There was a side door into a private garden, where Mary liked to walk and sing when she visited Darnley. There was also a postern gate, which led out of a passage from the cellar at the rear of the house. At the rear was a backstreet known as Thieves Row, on the opposite side of the town wall from the quadrangle. The town wall marked the boundary line of Edinburgh, and the back of the house abutted it.
A bathtub had been set beside Darnley’s bed on the second floor to enable him to take his medicated baths. The room had been made as comfortable as possible. The walls were hung with six tapestries and there was a Turkish carpet on the floor. There were two or three cushions of red velvet, a high-backed chair covered with purple velvet and a small table covered in green velvet. The bed, which Mary had given Darnley as his traveling bed only six months earlier—it had originally been her mother’s—was hung with violet-brown velvet, richly decorated with cloth of gold and silver and embroidered with flowers.

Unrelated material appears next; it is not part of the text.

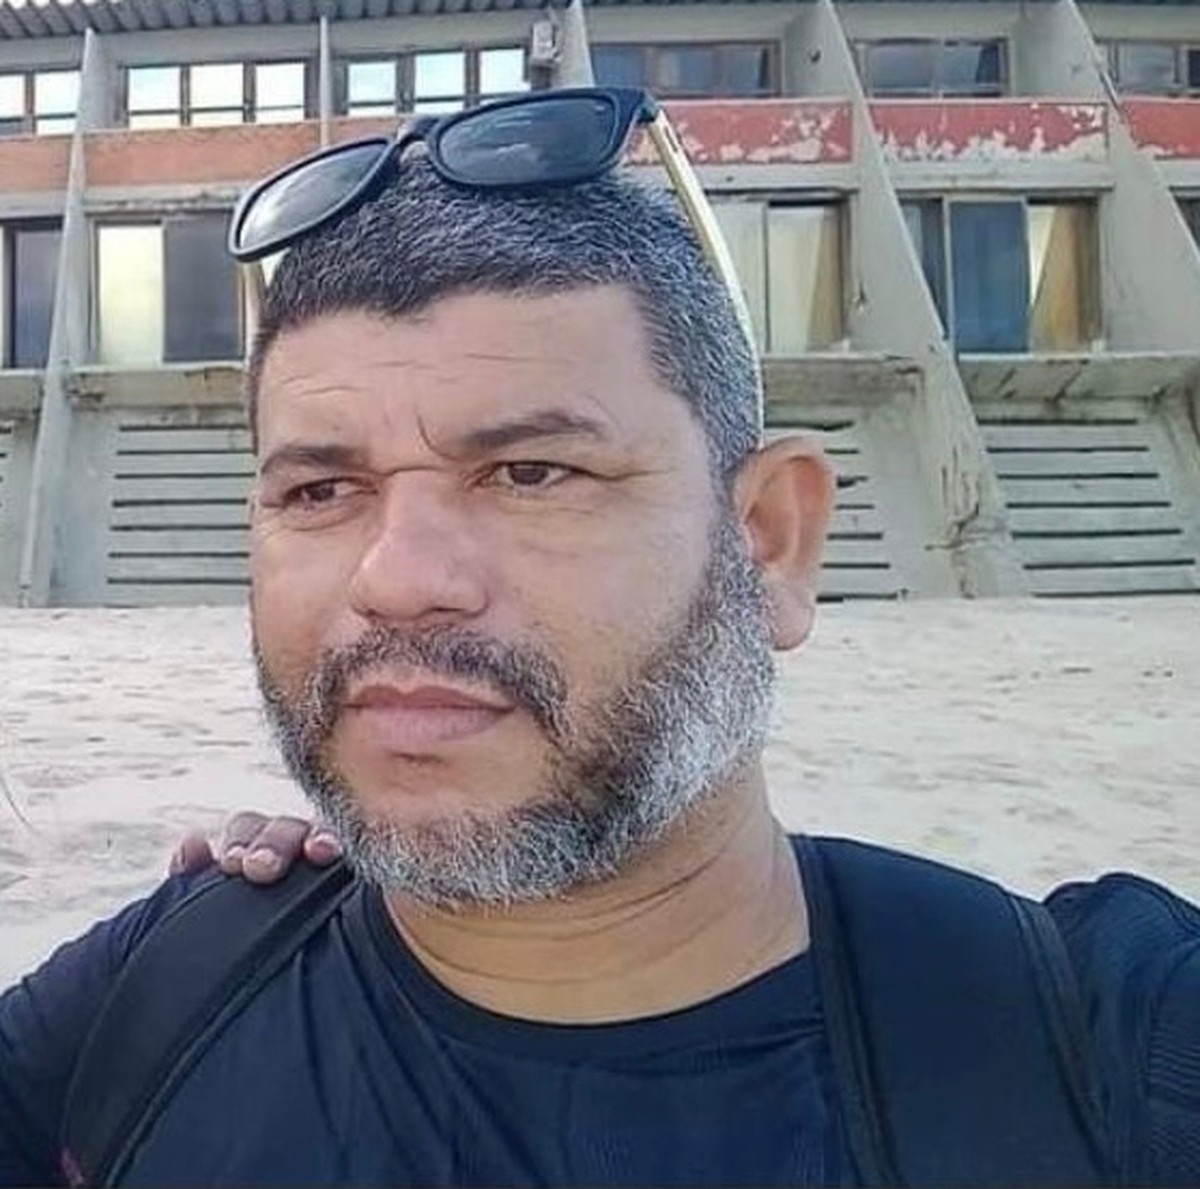 Policial Penal Morre Depois De Levar Tiro Na Cabeça Em Lava Jato De Porto Velho Rondônia G1 3037

Directly below on the ground floor was Mary’s room. It contained a bed of yellow and green damask in which she slept when she stayed overnight, which she did twice. It is sometimes claimed that until the last moment, she had also intended to sleep there on the night of the murder. This is another story invented for the cover-up, because if Mary had planned to spend the night at Kirk o’Field, she would not have kept her horses waiting outside to take her back to Holyrood. When she announced her intention to leave and cried “To horse,” the equerries were ready and she left immediately. In fact, some who claimed Mary made a last-minute change of plan to avoid the explosion were forced to say that she walked back to Holyrood, which on a cold and pitch-black February night, in unsuitable shoes and a long dress, is improbable and was certainly not Mary’s style, quite apart from the fact that the night watchmen who patrolled the streets after dark would have spotted her.